● **Records provided**
* * *
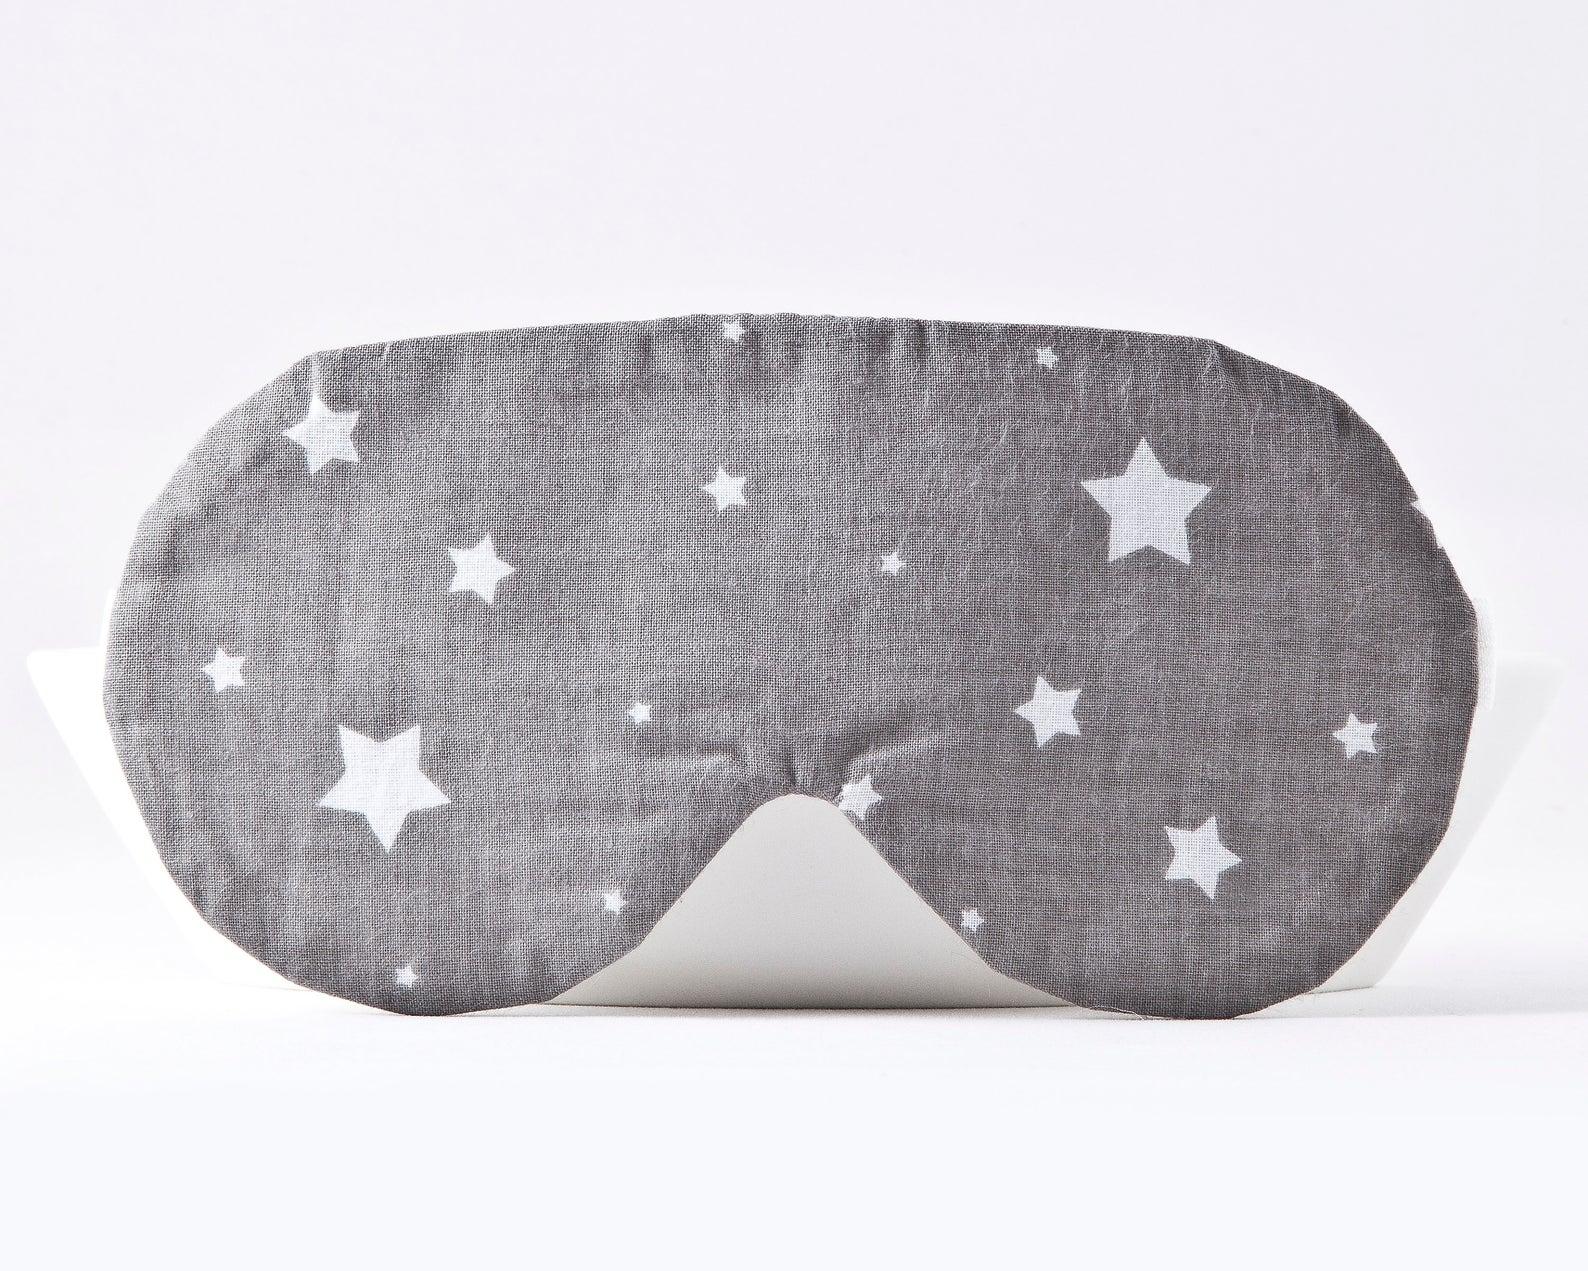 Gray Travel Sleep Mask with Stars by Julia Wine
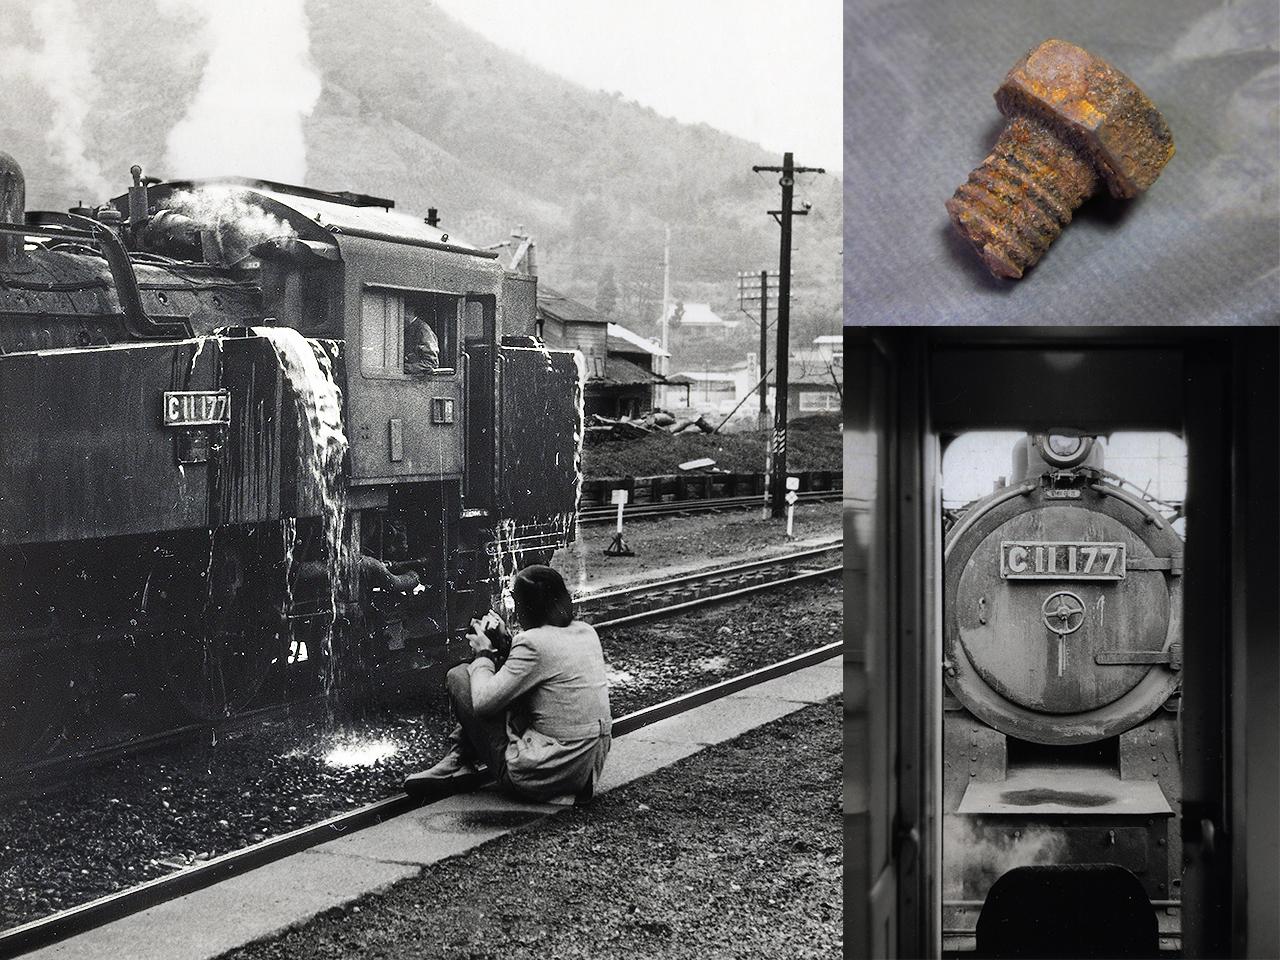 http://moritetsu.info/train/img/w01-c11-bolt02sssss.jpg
* * *
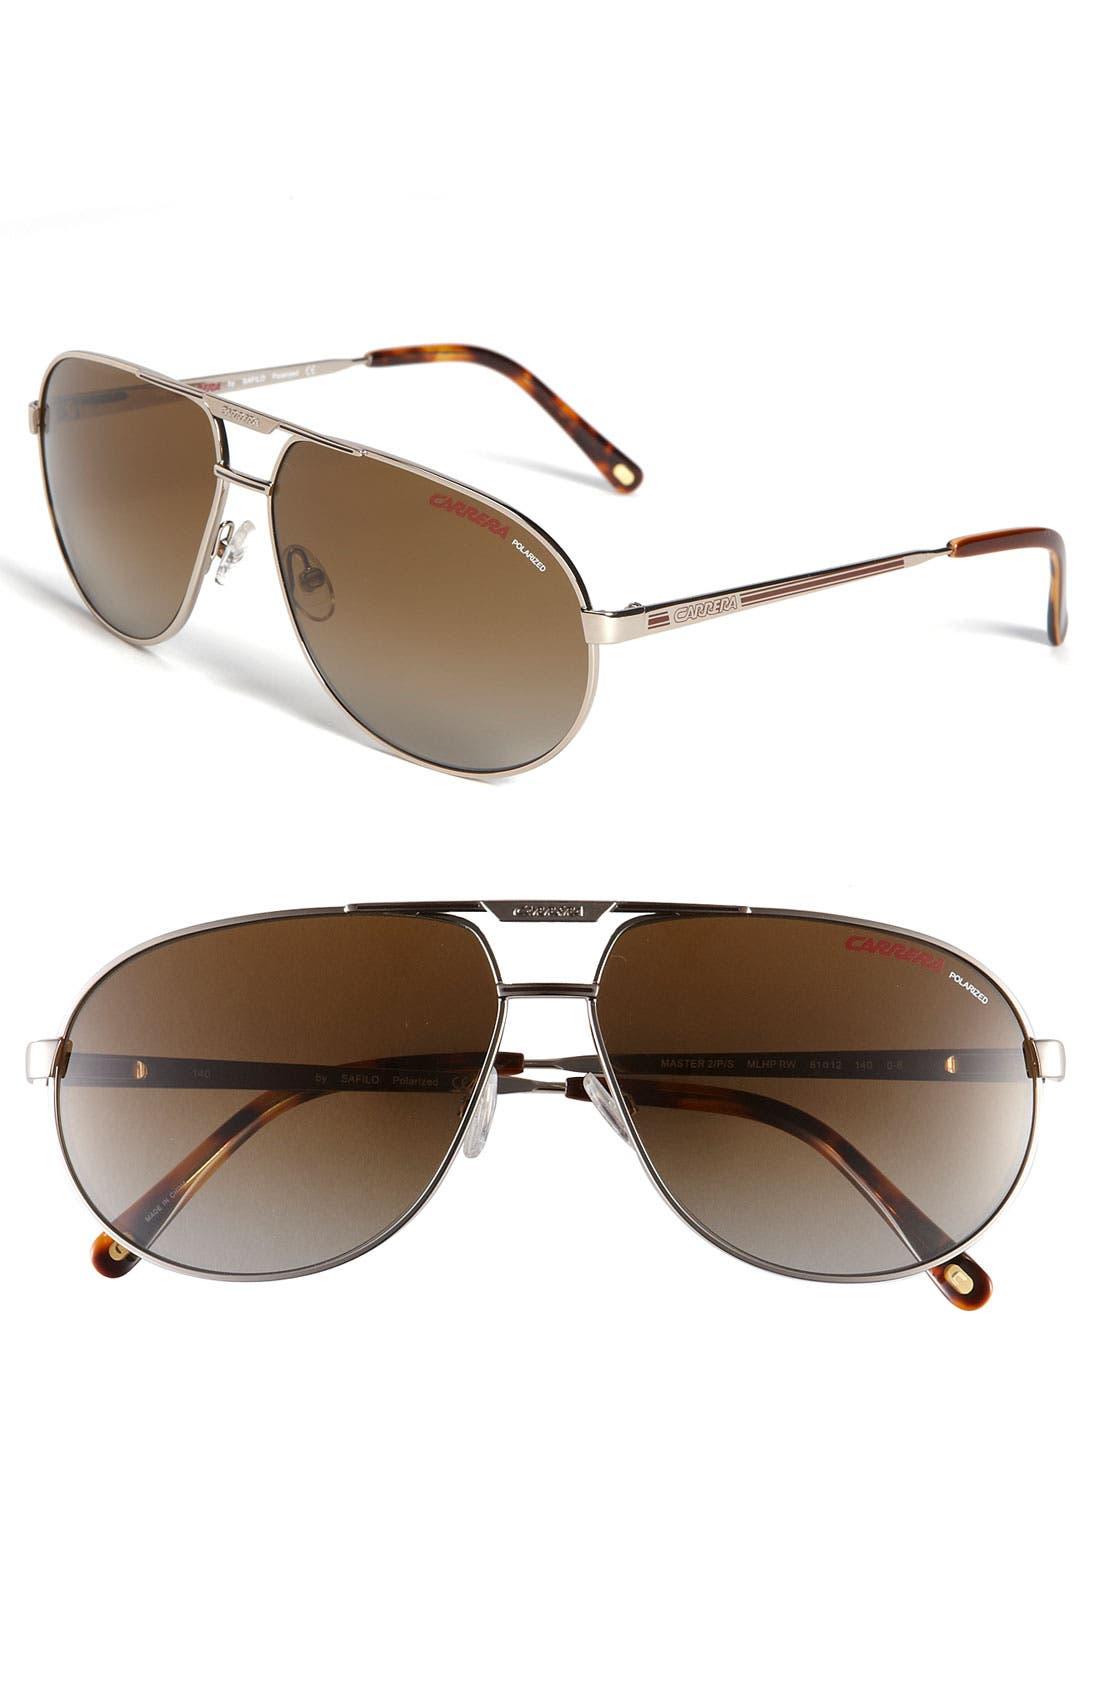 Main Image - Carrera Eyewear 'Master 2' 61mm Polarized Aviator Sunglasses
* * *
● **Task to complete**
Going back to the data above, write out everything from the line with "Gray Travel Sleep" down to the line with "http://moritetsu.info/train/img/w01-c11-bolt02sssss.jpg", both included, leaving every picture out.

● **Task output**
 Gray Travel Sleep Mask with Stars by Julia Wine
 http://moritetsu.info/train/img/w01-c11-bolt02sssss.jpg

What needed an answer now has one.